======== RECORD EXTRACTS ========

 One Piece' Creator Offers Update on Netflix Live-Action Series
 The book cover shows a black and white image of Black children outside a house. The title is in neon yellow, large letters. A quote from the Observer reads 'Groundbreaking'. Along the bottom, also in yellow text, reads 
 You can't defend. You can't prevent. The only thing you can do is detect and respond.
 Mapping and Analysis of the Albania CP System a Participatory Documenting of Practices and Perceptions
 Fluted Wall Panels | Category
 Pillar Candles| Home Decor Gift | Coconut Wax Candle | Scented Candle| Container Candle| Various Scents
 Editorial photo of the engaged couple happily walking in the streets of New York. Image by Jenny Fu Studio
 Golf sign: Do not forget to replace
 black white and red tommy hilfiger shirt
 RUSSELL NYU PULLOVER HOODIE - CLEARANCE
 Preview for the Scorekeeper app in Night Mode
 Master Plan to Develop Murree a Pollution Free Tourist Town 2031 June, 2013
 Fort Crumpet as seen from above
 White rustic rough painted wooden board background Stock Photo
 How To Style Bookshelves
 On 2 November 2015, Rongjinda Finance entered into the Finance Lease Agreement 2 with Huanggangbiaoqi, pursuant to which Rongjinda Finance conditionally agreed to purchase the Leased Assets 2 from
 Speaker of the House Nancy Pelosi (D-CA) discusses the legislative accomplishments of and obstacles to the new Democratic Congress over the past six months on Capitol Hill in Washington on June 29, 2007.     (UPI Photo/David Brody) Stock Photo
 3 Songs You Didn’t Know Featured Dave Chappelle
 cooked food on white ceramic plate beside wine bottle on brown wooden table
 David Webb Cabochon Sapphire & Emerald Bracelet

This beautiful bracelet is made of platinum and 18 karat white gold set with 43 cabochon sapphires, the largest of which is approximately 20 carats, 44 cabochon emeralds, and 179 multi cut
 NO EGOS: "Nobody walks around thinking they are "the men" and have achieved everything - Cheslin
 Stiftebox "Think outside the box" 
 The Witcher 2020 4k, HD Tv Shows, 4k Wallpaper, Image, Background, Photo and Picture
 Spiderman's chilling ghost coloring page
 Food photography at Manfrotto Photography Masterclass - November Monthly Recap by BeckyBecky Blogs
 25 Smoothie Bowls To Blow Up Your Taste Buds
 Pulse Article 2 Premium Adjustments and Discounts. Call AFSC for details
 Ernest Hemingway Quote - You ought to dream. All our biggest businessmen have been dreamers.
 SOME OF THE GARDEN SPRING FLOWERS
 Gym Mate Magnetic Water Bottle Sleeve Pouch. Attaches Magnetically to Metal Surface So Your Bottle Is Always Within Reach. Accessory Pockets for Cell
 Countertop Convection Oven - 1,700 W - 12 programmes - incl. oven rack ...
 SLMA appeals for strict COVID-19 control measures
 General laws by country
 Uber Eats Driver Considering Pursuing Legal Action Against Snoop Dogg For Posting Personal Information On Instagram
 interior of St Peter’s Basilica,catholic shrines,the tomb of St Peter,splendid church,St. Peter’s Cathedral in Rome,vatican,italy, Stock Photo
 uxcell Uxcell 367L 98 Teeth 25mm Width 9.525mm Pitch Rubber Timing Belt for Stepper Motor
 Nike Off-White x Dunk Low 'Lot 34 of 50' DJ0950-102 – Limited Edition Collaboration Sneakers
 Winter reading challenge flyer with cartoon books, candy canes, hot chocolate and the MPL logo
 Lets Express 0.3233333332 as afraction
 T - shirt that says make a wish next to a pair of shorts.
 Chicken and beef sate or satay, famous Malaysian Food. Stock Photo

========

* YOUR ASSIGNMENT
Out of the data above, set down the lines from the one with "Editorial photo of" to the one with "On 2 November", both included, exactly as written and with no additions.

* SOLUTION TO THIS TASK
 Editorial photo of the engaged couple happily walking in the streets of New York. Image by Jenny Fu Studio
 Golf sign: Do not forget to replace
 black white and red tommy hilfiger shirt
 RUSSELL NYU PULLOVER HOODIE - CLEARANCE
 Preview for the Scorekeeper app in Night Mode
 Master Plan to Develop Murree a Pollution Free Tourist Town 2031 June, 2013
 Fort Crumpet as seen from above
 White rustic rough painted wooden board background Stock Photo
 How To Style Bookshelves
 On 2 November 2015, Rongjinda Finance entered into the Finance Lease Agreement 2 with Huanggangbiaoqi, pursuant to which Rongjinda Finance conditionally agreed to purchase the Leased Assets 2 from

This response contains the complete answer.